Retype the listing exactly, with no images.

[[ Data below, beginning ]]

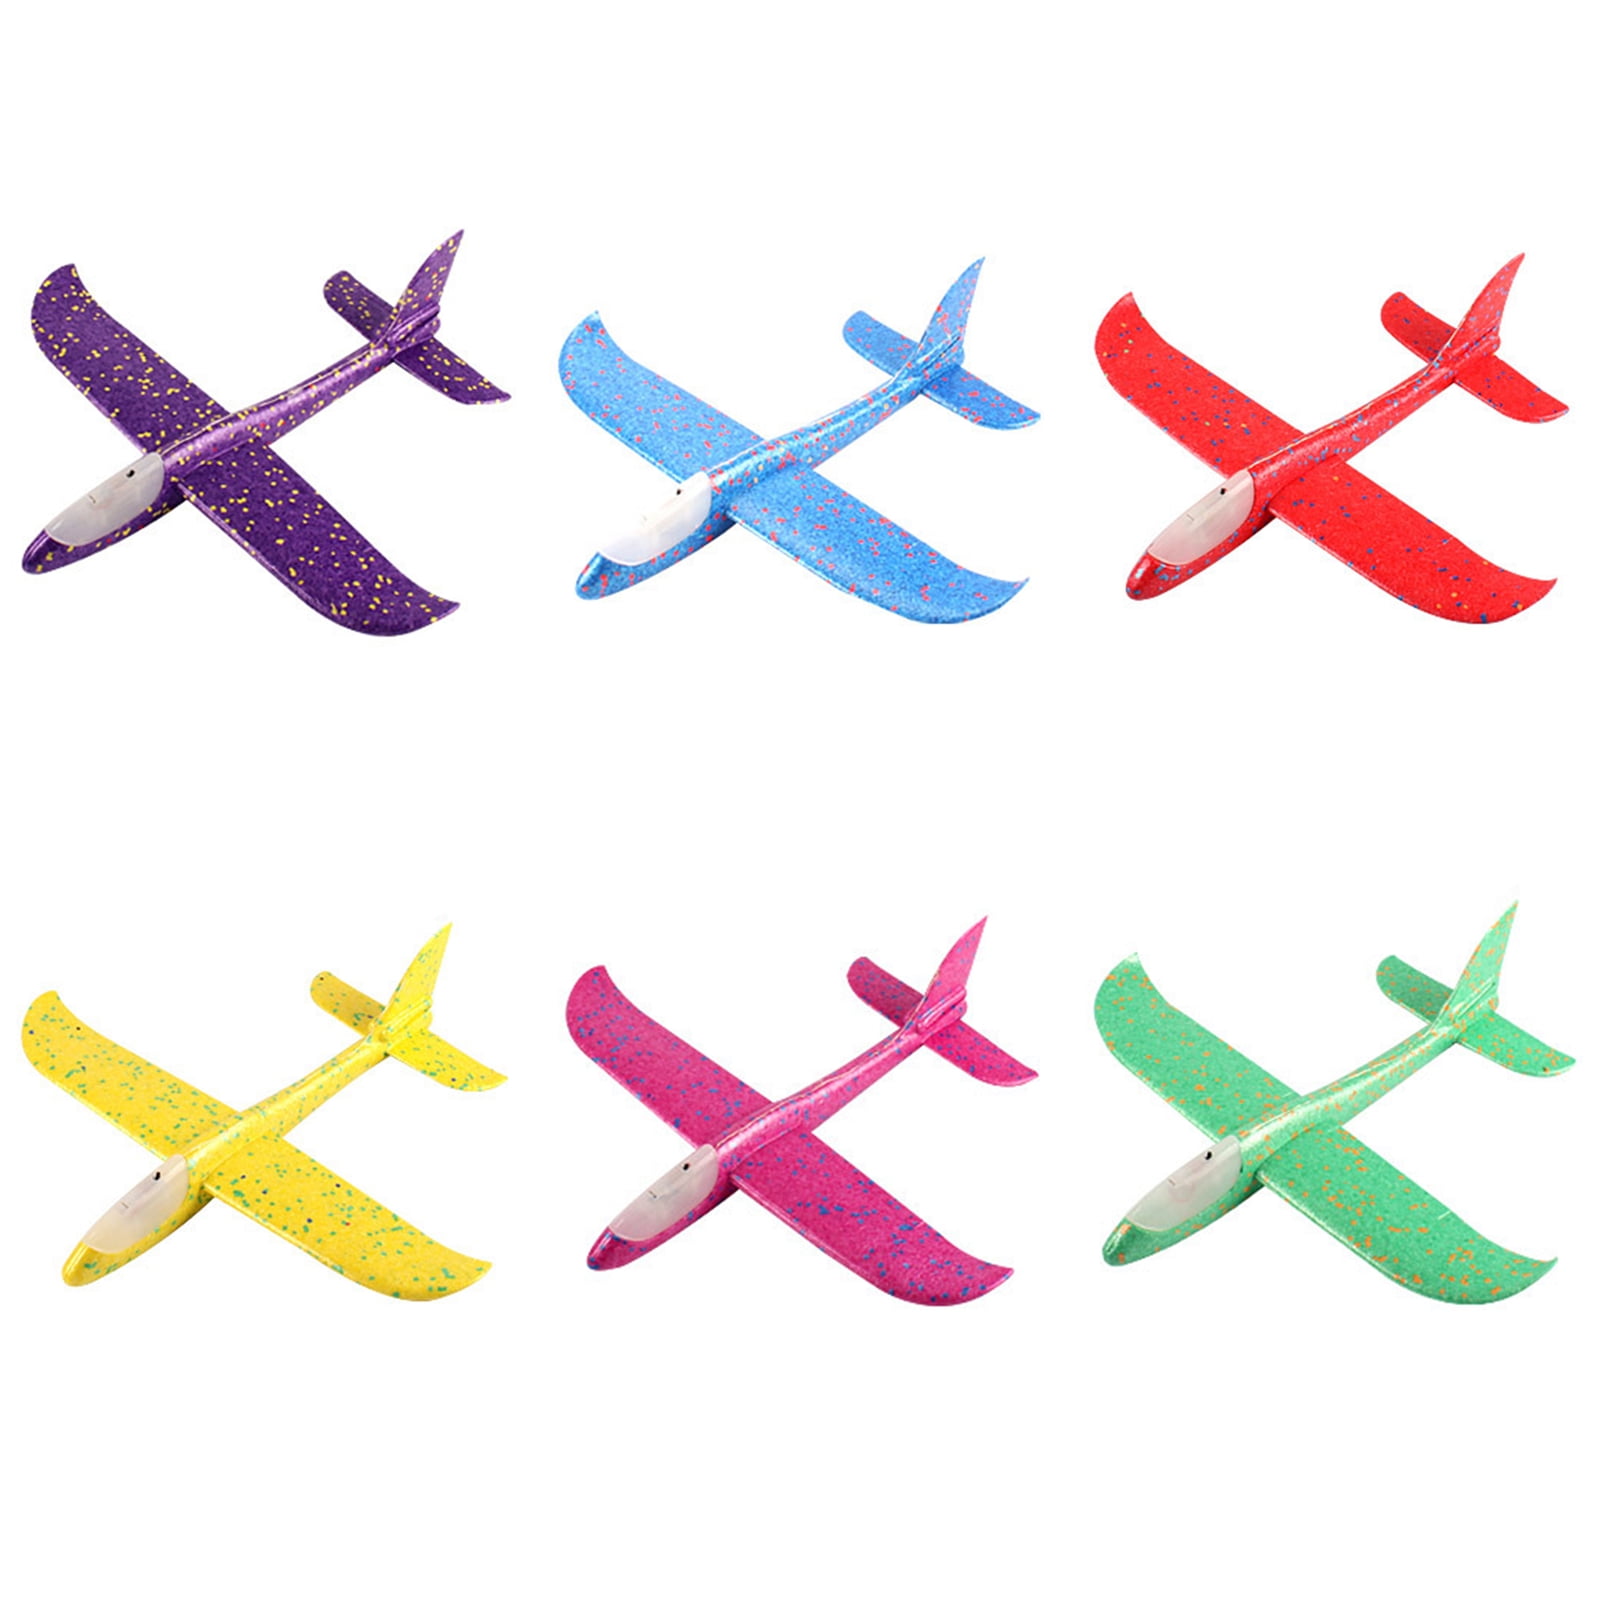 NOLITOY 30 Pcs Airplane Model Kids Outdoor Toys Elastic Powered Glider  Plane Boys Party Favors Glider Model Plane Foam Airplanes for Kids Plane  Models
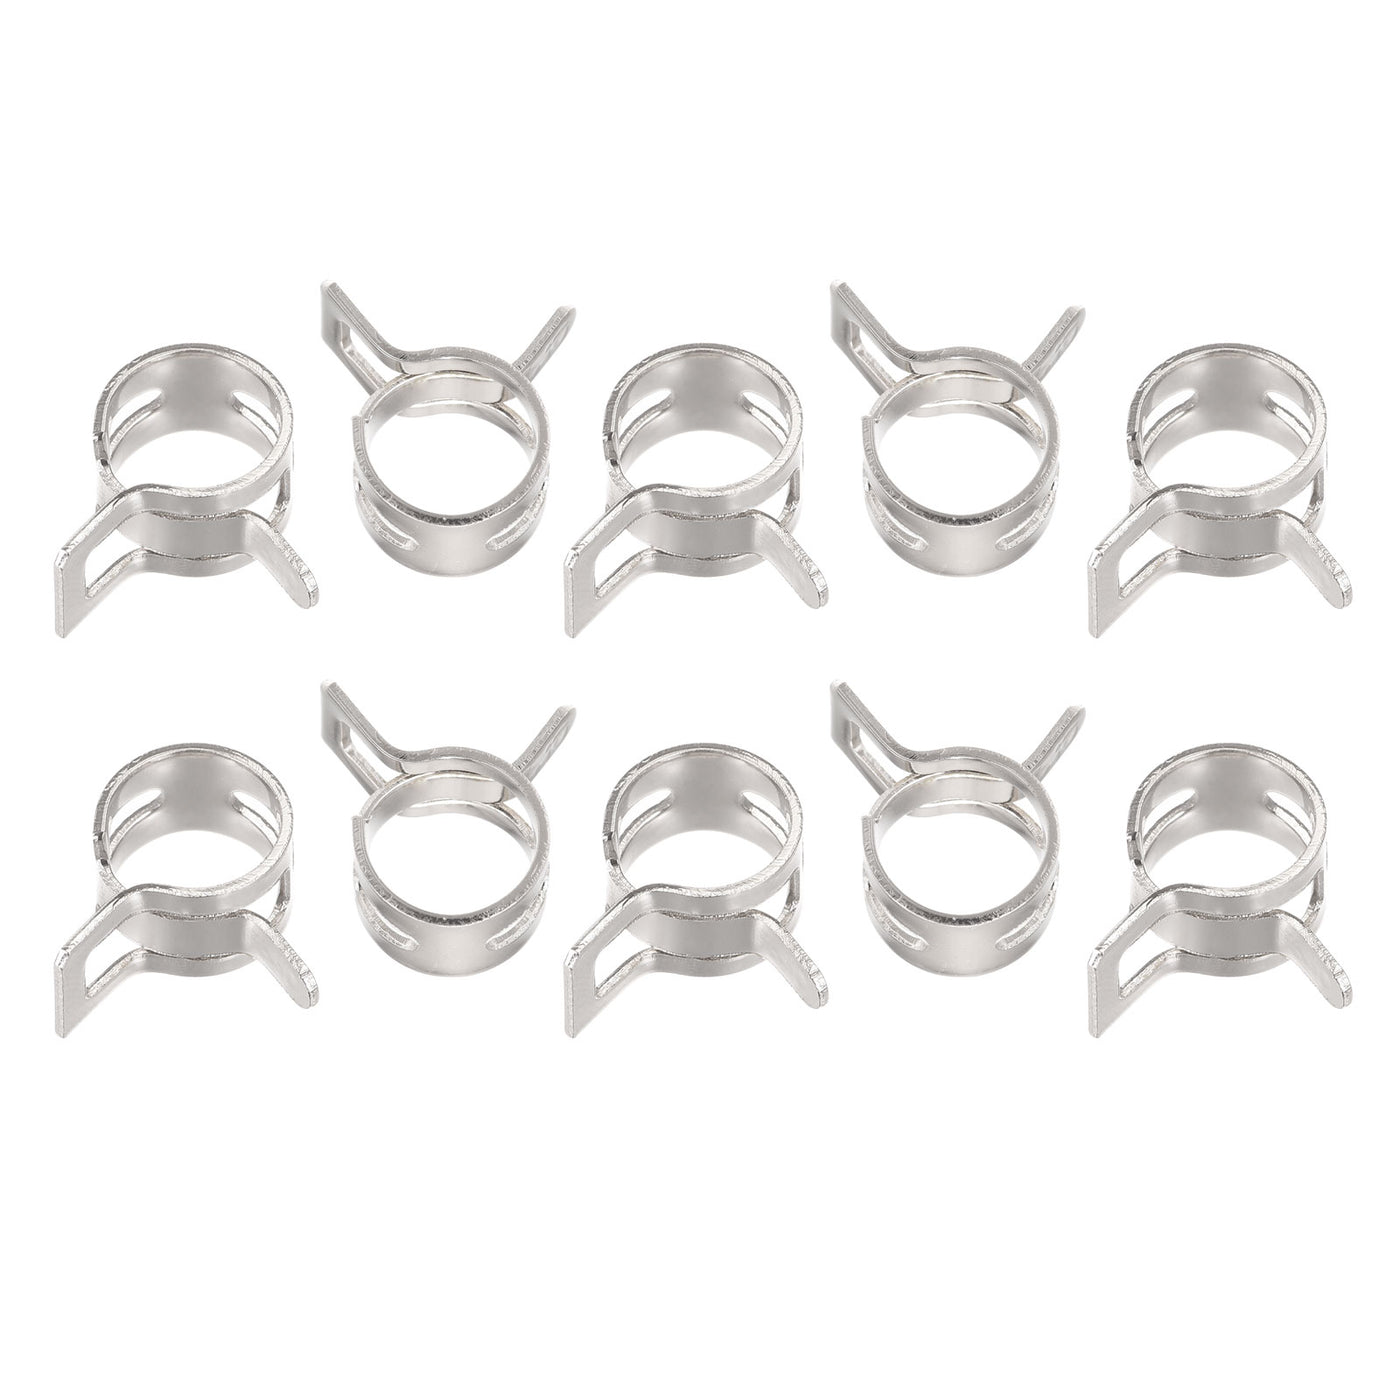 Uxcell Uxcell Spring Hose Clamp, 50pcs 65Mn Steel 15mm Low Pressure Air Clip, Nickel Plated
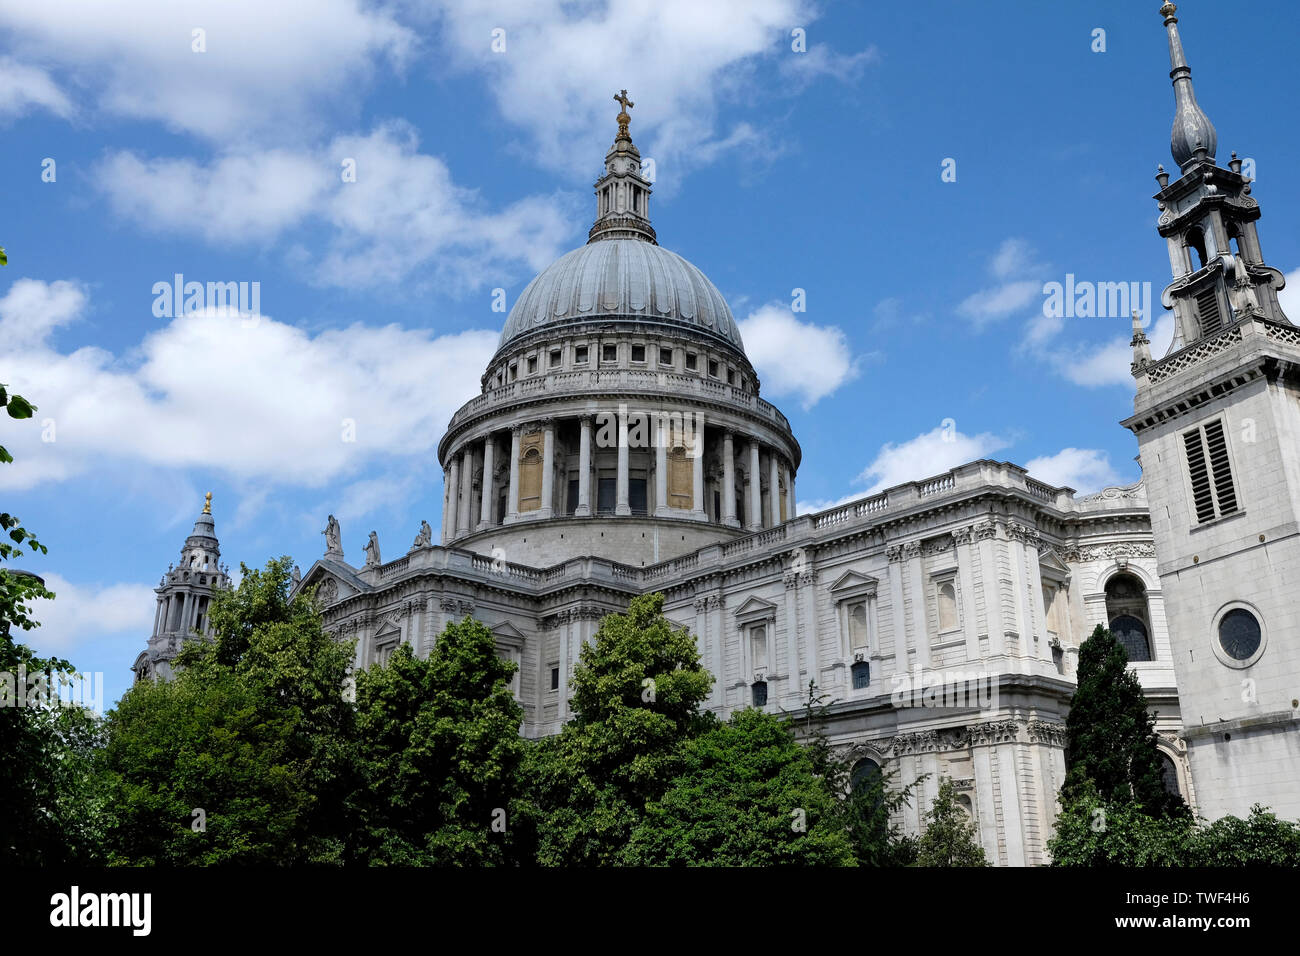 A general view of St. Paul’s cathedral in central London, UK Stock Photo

[[ Data below, end ]]

▸ **Answer to this task**:
 NOLITOY 30 Pcs Airplane Model Kids Outdoor Toys Elastic Powered Glider  Plane Boys Party Favors Glider Model Plane Foam Airplanes for Kids Plane  Models
 Uxcell Uxcell Spring Hose Clamp, 50pcs 65Mn Steel 15mm Low Pressure Air Clip, Nickel Plated
 A general view of St. Paul’s cathedral in central London, UK Stock Photo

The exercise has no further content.